A sob tried to choke me when I thought of what happened to my sisters. Knox exhaled, his expression turning guarded. My head shook as pain sliced through me again and my back arched from the floor.
“I can’t do this,” I pleaded, incapable of putting words to the anguish of losing the babies.
“Yes, you can,” Knox uttered softly.
“Blood!” Lore shouted, sliding to a stop by the barrier. “Holy shit, you’re really pregnant! Wow.” His expression filled with wonder as he examined the nest I’d been building. One whole side of the library was covered with blankets and whatever else Ember had wanted us to collect in the last couple of months. “I knew there was something cool behind there.”
“You look like shit, Peasant,” Greer declared as he entered the room while removing his jacket. He saw the blood around me and flinched. “As much as I enjoy watching you bleed out, we should probably address that, don’t you think?”
I screamed, unable to answer him as fire tore across my abdomen.
“Oh, Aria,” he whispered as pink tears rolled down his cheeks. He was choked up and wiped at his eyes, trying to keep anyone from seeing, but we all had.
“Are you fucking crying, Meat Suit?” I asked, fighting a spasm. I bared my teeth, clenched down, and my back twitched as a burst of pain shot down my legs and curled my toes.
“Grab some towels to clean the blood away so I can get a clear picture.” Brander kneeled beside Knox, staring at my junction with clinical eyes.
“Where the fuck do you suggest we get those? It’s not like they’re just going to pop out of—” Soraya paused as several towels dropped from thin air. She lifted her shocked gaze toward the ceiling. “What the fuck?”
“Warm water is needed as well, preferably in a basin.” Brander watched as Soraya caught it in mid-air before it could spill everywhere.
Esme held me against her chest while Soraya and Siobhan settled between my legs. Someone new moved into the library, and then something hit the ground and shattered. We all looked up to see Killian, who stood with his mouth open in horror.
“What the hell?” He grunted, not needing crayons to figure out what he was seeing. Slowly, he exhaled before dragging his hand over his mouth, staring at the substance pooling beneath me. “Bloody hell.”

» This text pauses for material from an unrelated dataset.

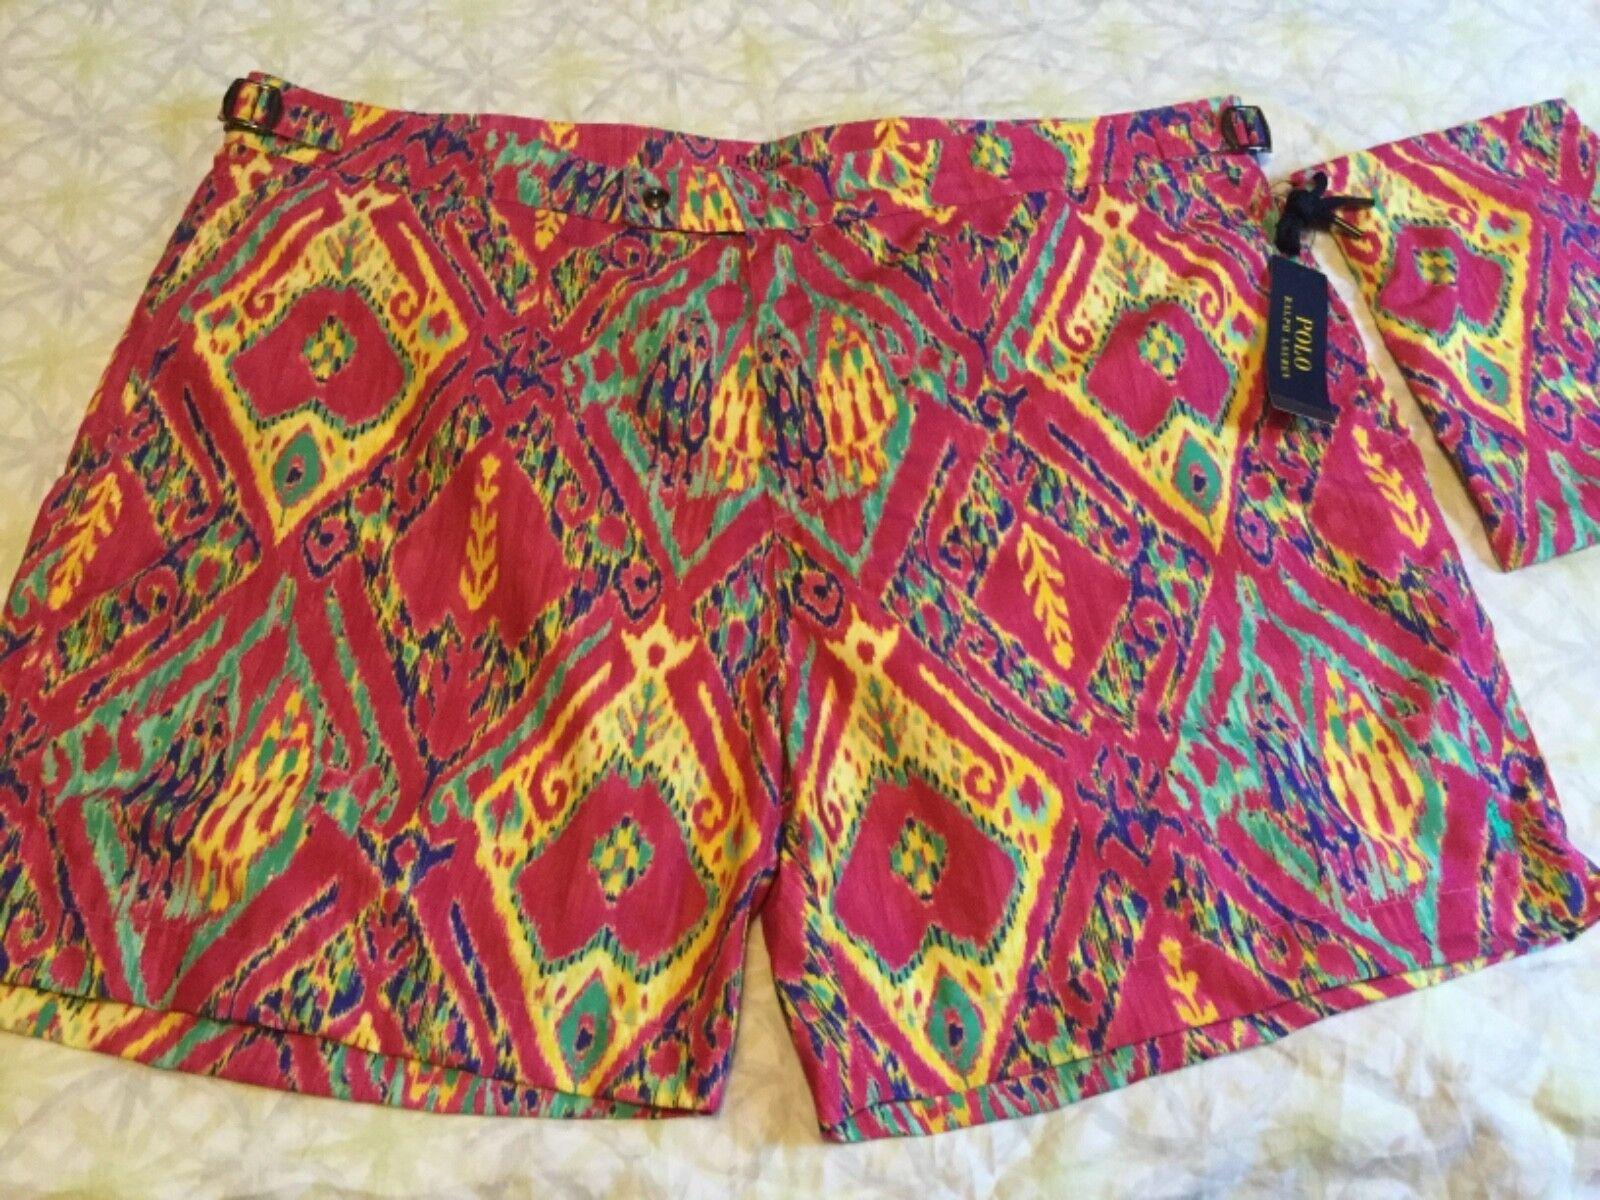 e923f2f3ab2e9 POLO RALPH LAUREN & Multi-color Print SWIM SUIT TRUNKS sz 42 NWT Magenta  nfvbdq259-Swimwear

Shaking my head, I cried, twisting my hands into the blankets and closing my legs. I fought, aware that if I allowed this to continue, I’d lose the babes we’d made and Knox would be here to witness it all. He’d be forced to see more taken from him by Hecate, and I didn’t want that to happen. He’d lost enough already.
“She’s fighting to keep them. It will only make this a lot harder on her,” Brander whispered, but even through my scream, I heard him. “She will die, too, if she doesn’t stop struggling against what her body was made to do.”
Knox exhaled and took a deep breath. “It’s okay, Aria. You can do this,” he said firmly. “You have to let your body take control. You’re losing way too much blood, and the babes are coming no matter what we want, Little Monster. You need to stop trying to prevent what nature has demanded. Just let it happen.”
“It’s not okay! I want them even if you don’t!” I screamed at him, and he flinched. “I can save them,” I said softer, shaking from the adrenaline and pain that was telling me I was lying to myself.
“You can’t, but it’s okay.” He lowered his eyes to where my hands rested on my stomach, protectively guarding our unborn children. “You can’t be a mother if you die here today. Do you understand me? You’ll die with them, and that isn’t what either of us wants. I know you’re tough enough to survive this, but you can’t keep it from happening any more than I can.”
Killian moved toward Greer and Brander as the scene unfolded. He pushed his fingers through his dark hair, and his startling bluish-green eyes dropped to my swollen abdomen.